Data extract: Begin

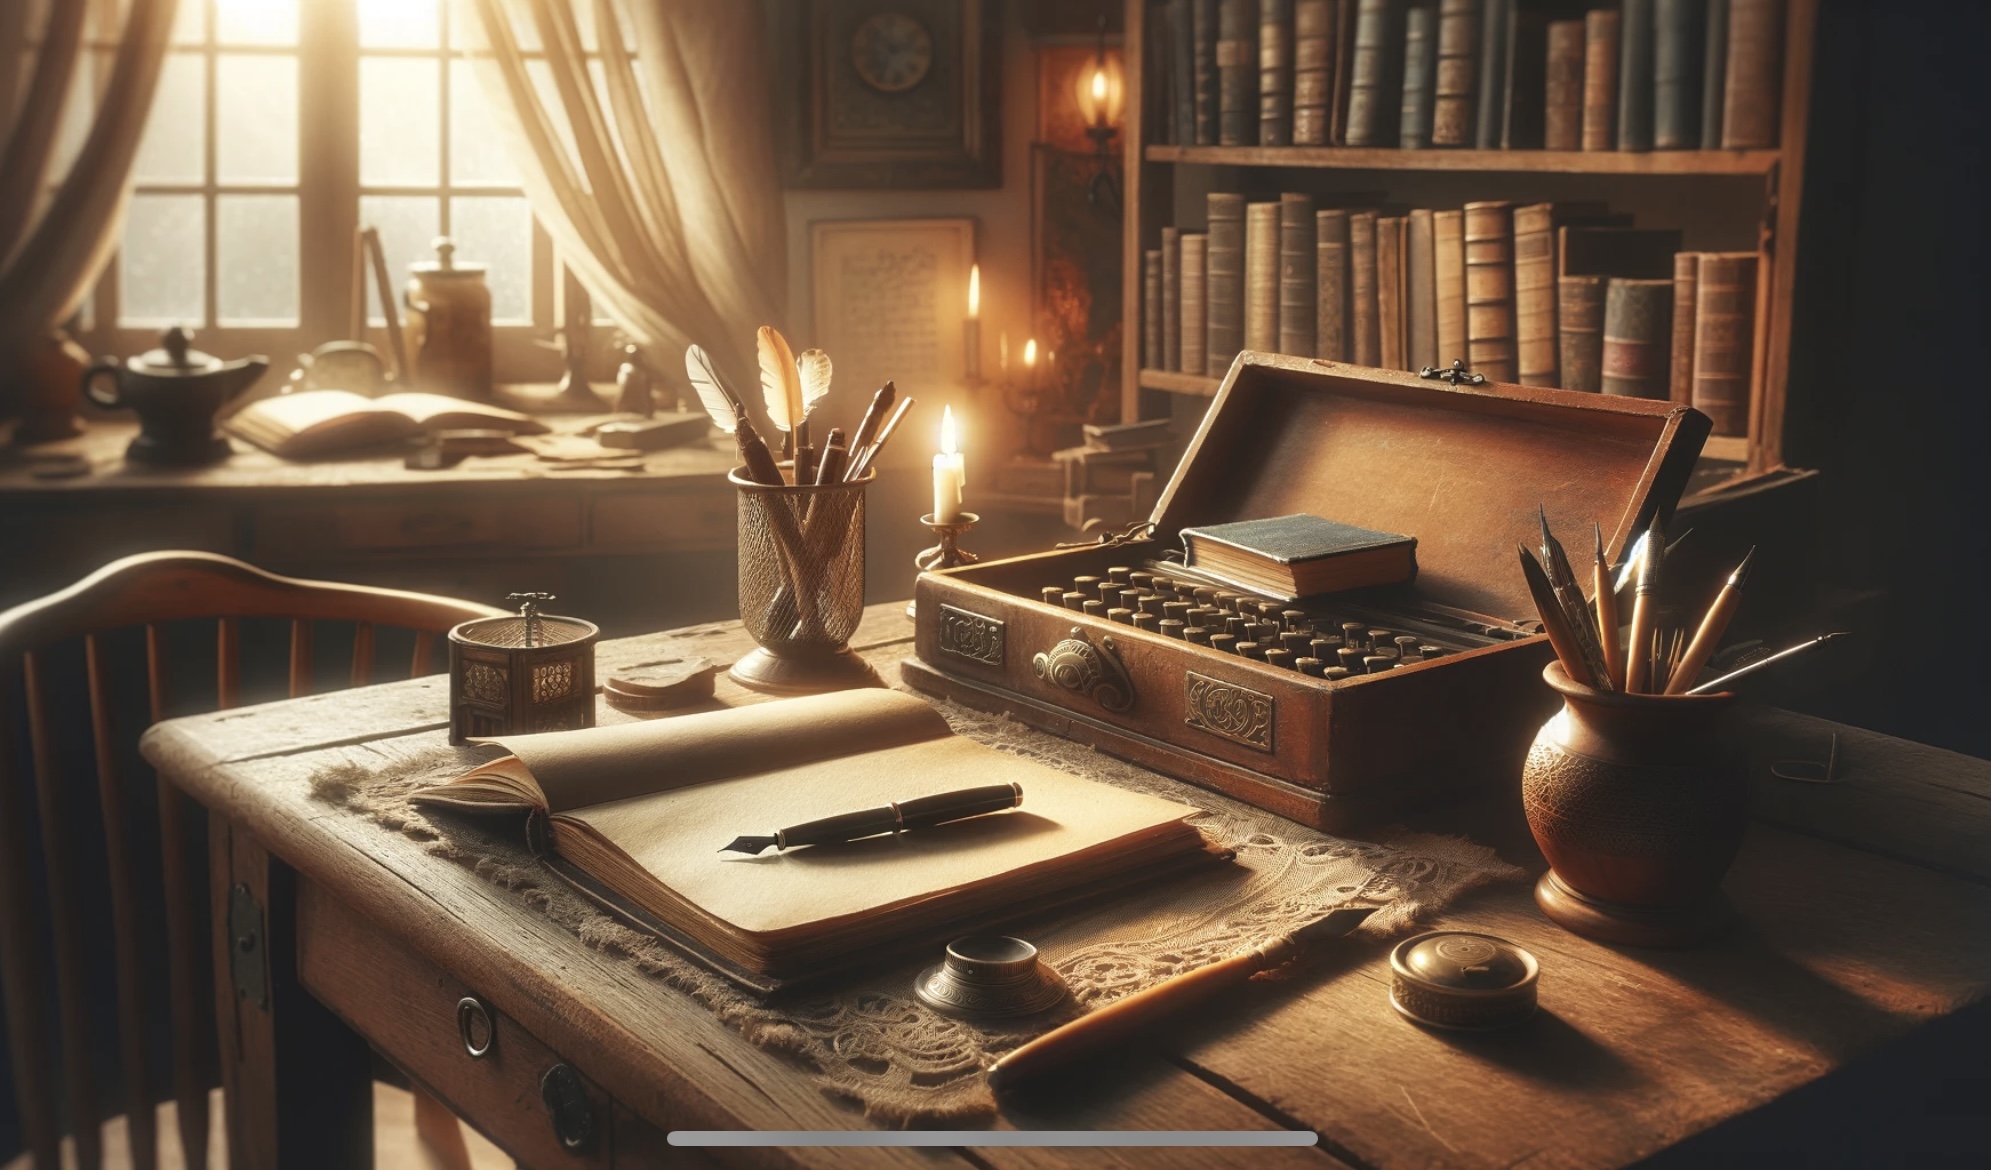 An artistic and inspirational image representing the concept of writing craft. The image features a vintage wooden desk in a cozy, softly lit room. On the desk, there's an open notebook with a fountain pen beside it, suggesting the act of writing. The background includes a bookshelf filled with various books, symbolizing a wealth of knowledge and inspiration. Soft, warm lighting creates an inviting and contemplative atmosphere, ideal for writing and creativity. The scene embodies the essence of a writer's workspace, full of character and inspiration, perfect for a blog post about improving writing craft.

Data extract: End
Data extract: Begin

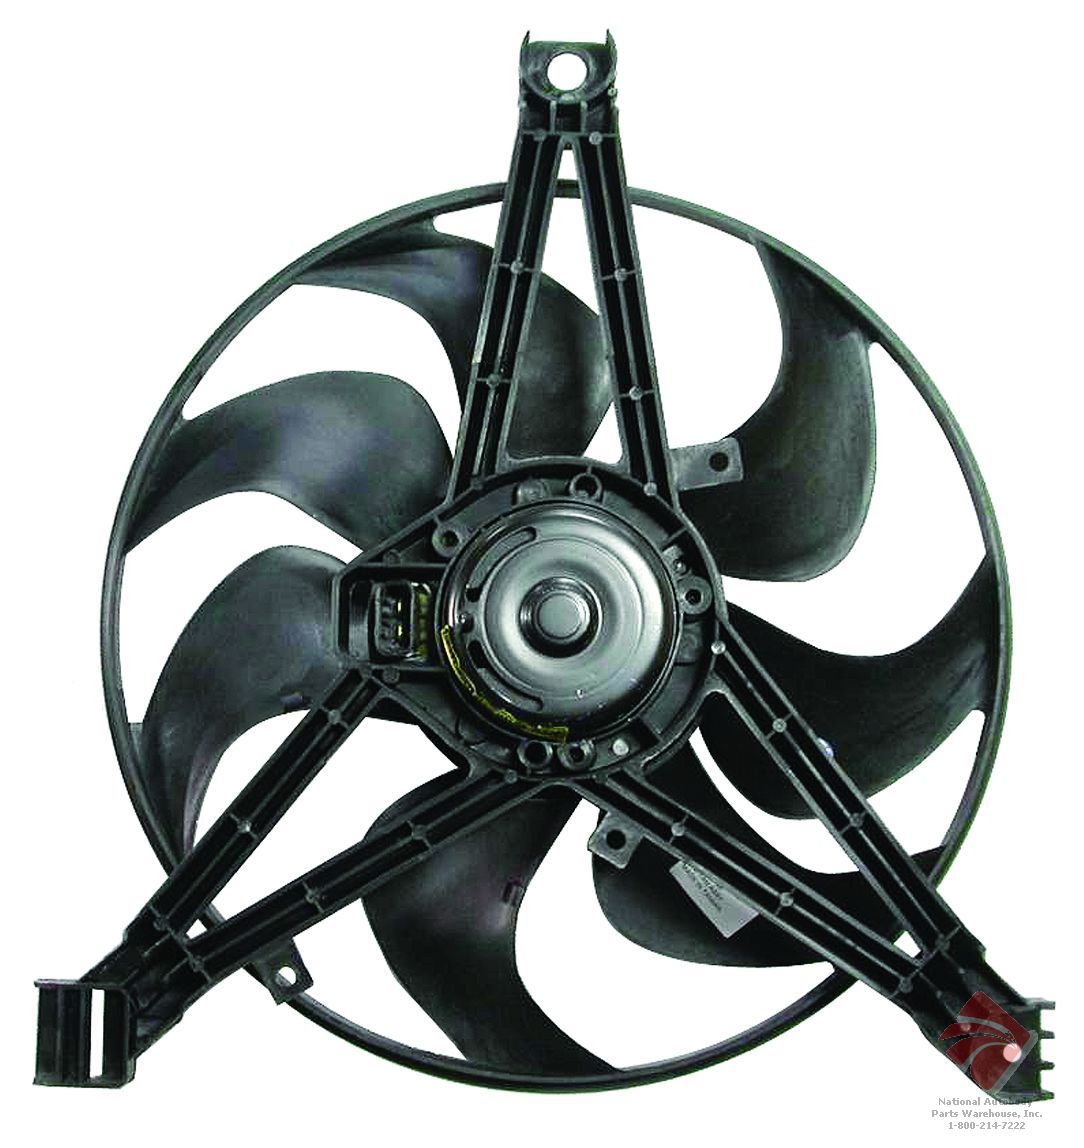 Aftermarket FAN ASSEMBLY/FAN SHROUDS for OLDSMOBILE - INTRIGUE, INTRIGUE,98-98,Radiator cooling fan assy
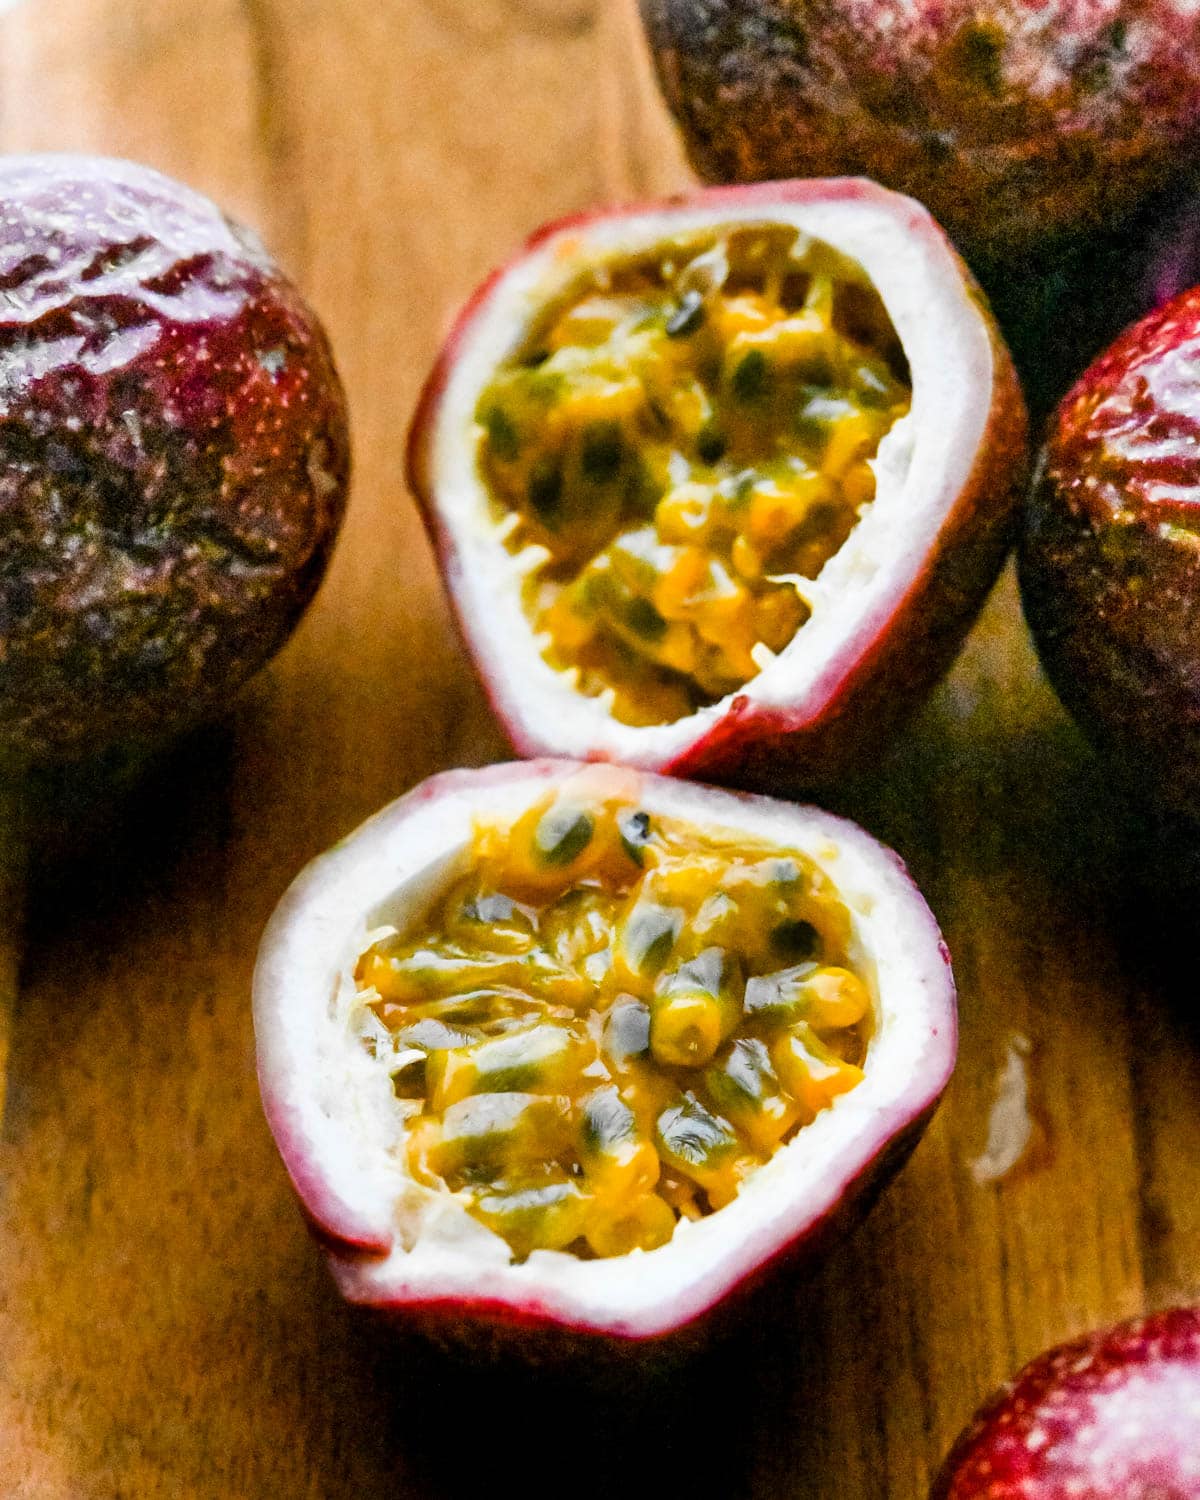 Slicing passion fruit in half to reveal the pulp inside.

Data extract: End
Data extract: Begin

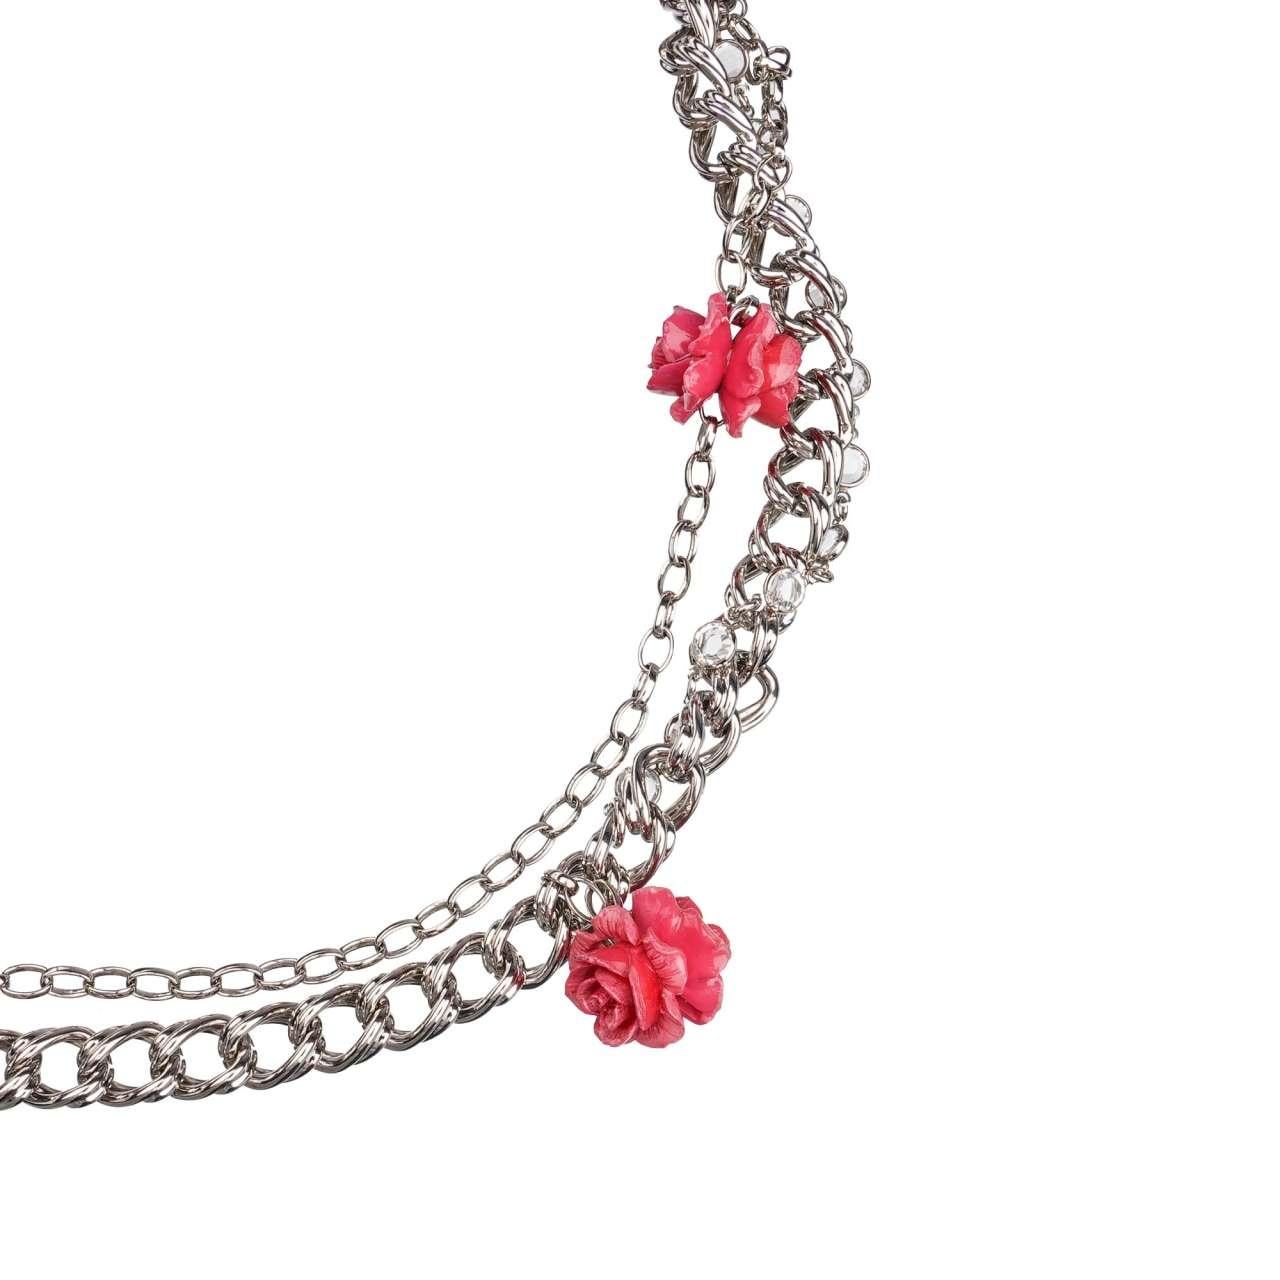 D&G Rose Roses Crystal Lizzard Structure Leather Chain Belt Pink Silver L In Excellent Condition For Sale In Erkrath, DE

Data extract: End

Task brief => Up in the listing, locate the line with "Aftermarket FAN ASSEMBLY/FAN"; print it and every line after it down to the line with "Slicing passion fruit", which is included too. Skip the pictures.

Task response =>
 Aftermarket FAN ASSEMBLY/FAN SHROUDS for OLDSMOBILE - INTRIGUE, INTRIGUE,98-98,Radiator cooling fan assy
 Slicing passion fruit in half to reveal the pulp inside.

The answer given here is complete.